Applied Materials recently celebrated its 50th anniversary. Recently, Applied posted its results. “Applied Materials posted F4Q results above consensus and guided F1Q significantly above consensus, as demand trends remain very strong for both semiconductor and display equipment,” said Weston Twigg, an analyst with KeyBanc Capital Markets, in a research note. “Execution and margin performance were also good. Demand was strong across all segments, with display demand off the rails, up 65% quarter/quarter; this should decline in F1Q and continue to be lumpy while showing strong growth through 2018. Semiconductor equipment sales were down 4% quarter/quarter, roughly in line with guidance; however, we project this segment to be up around 17% quarter/quarter in F1Q, led by Samsung’s aggressive build-out. Service revenue continues to grow at a steady clip, up 6% quarter/quarter, though it should be down seasonally in F1Q.”

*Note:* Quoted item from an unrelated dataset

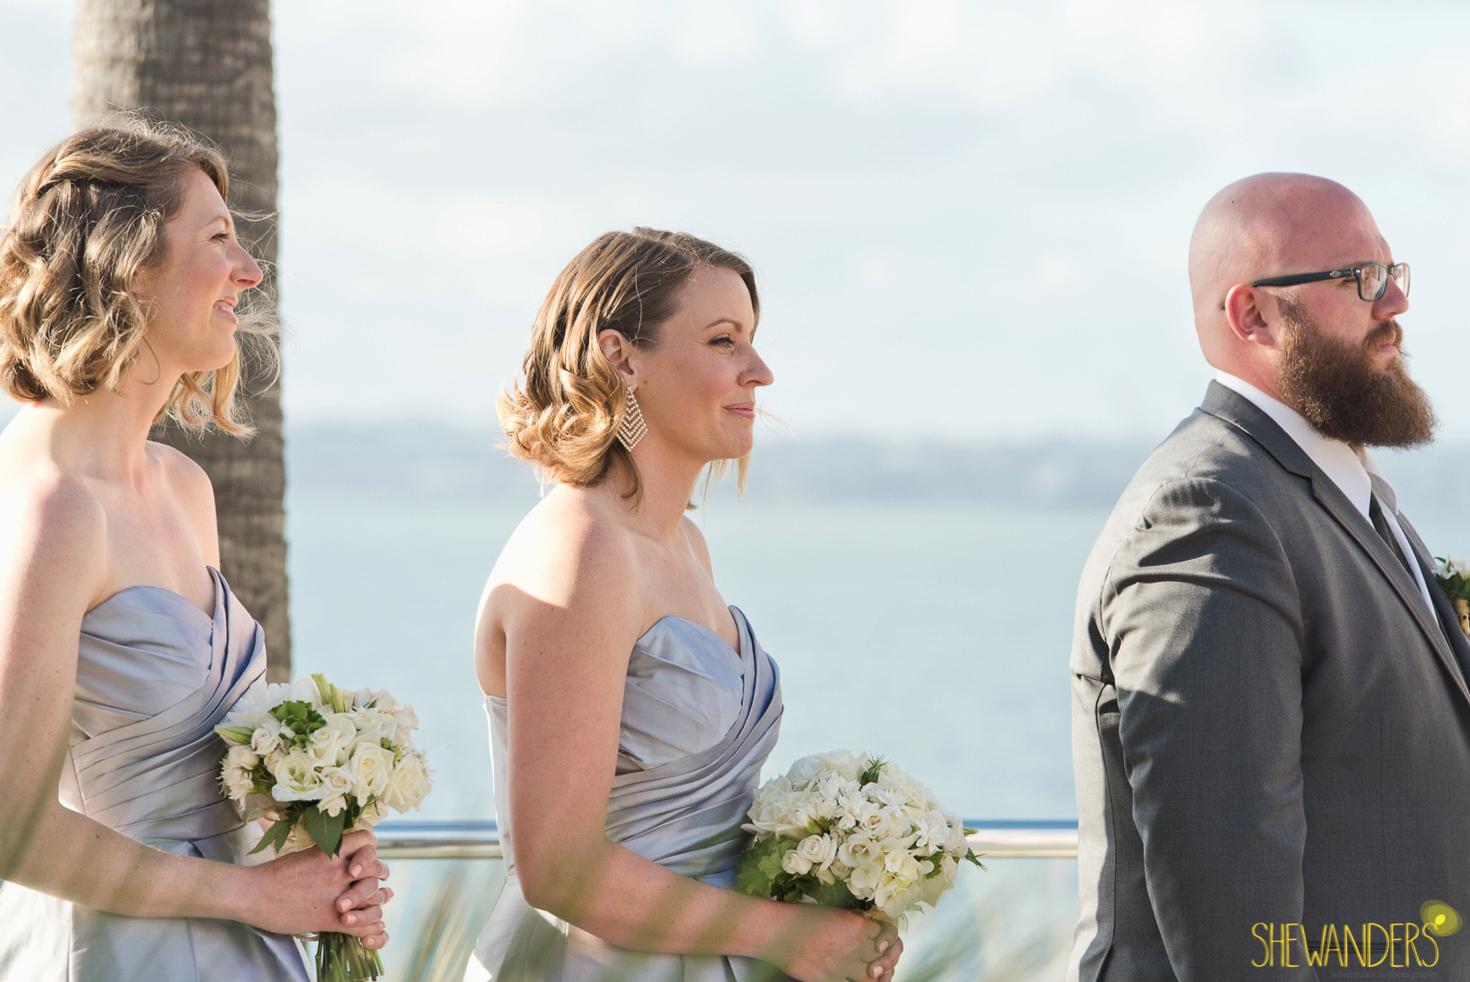 Shewanders.Coronado.Wedding.LaurenJessica-1024.jpg.Wedding.LaurenJessica-1024.jpg

In a blog, Lam Research takes a look at the role of semiconductors in the healthcare industry. “The market size for medical technology devices is nearly US$400 billion worldwide, with semiconductors driving many advancements – especially in mobile and connected devices,” according to the blog.

Aixtron has completed the sale of its ALD and CVD memory product lines to Eugene Technology, a U.S. subsidiary of Eugene Technology Co. Ltd., South Korea. Aixtron will receive $60 million for the assets and $11 million for open supplier orders.